Efficient implementation of ADER discontinuous Galerkin schemes for a scalable hyperbolic PDE engine

TL;DR

This paper presents a highly efficient implementation of ADER-DG schemes optimized for modern supercomputers, enabling large-scale simulations of complex hyperbolic PDE systems with excellent scalability and performance.

Contribution

The paper introduces a scalable, communication-avoiding ADER-DG implementation suitable for exascale computing, demonstrating large-scale hyperbolic PDE simulations.

Findings

Achieved strong scaling up to 180,000 CPU cores.

Performed the largest high-order ADER-DG runs for nonlinear hyperbolic PDEs.

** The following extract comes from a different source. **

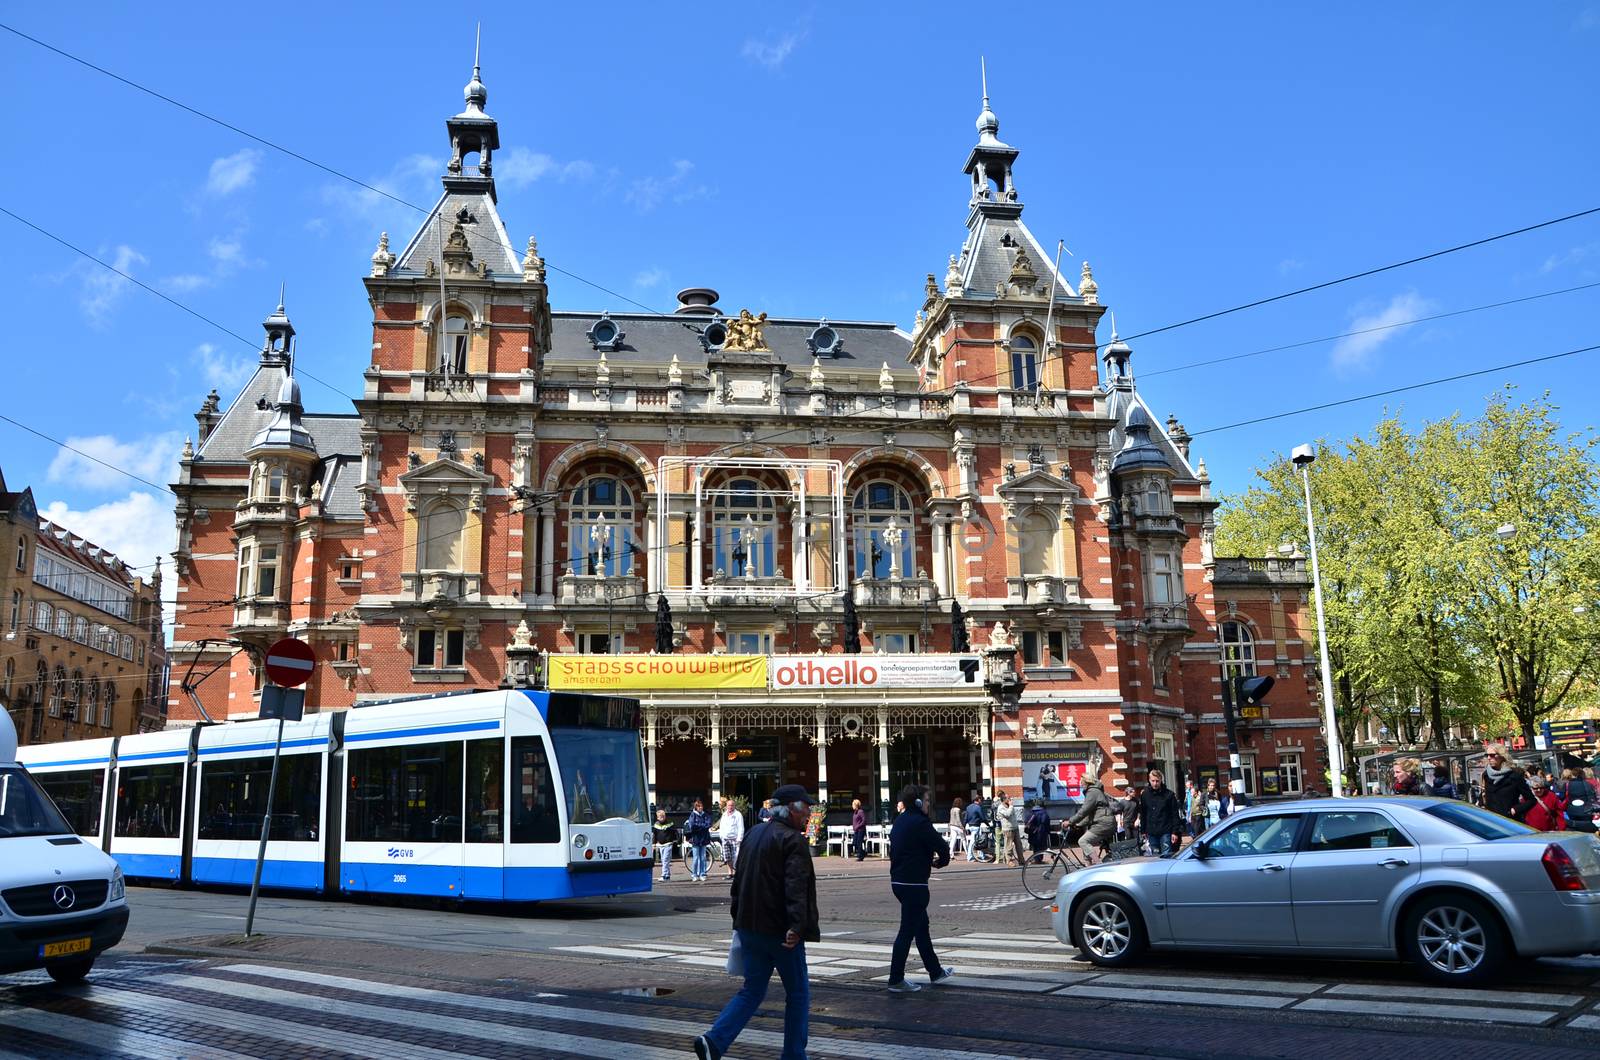 Amsterdam, Netherlands - May 6, 2015: People around Stadsschouwburg building (Municipal theater) at Leidseplein in Amsterdam, Netherlands

Provided performance comparison with Runge-Kutta DG schemes.

Abstract

In this paper we discuss a new and very efficient implementation of high order accurate ADER discontinuous Galerkin (ADER-DG) finite element schemes on modern massively parallel supercomputers. The numerical methods apply to a very broad class of nonlinear systems of hyperbolic partial differential equations. ADER-DG schemes are by construction communication avoiding and cache blocking and are furthermore very well-suited for vectorization, so that they appear to be a good candidate for the future generation of exascale supercomputers. We introduce the numerical algorithm and show some applications to a set of hyperbolic equations with increasing level of complexity, ranging from the compressible Euler equations over the equations of linear elasticity and the unified Godunov-Peshkov-Romenski (GPR) model of continuum mechanics to general relativistic magnetohydrodynamics (GRMHD) and the Einstein field equations of general relativity. We present strong scaling results of the new ADER-DG schemes up to 180,000 CPU cores. To our knowledge, these are the largest runs ever carried out with high order ADER-DG schemes for nonlinear hyperbolic PDE systems. We also provide a detailed performance comparison with traditional Runge-Kutta DG schemes.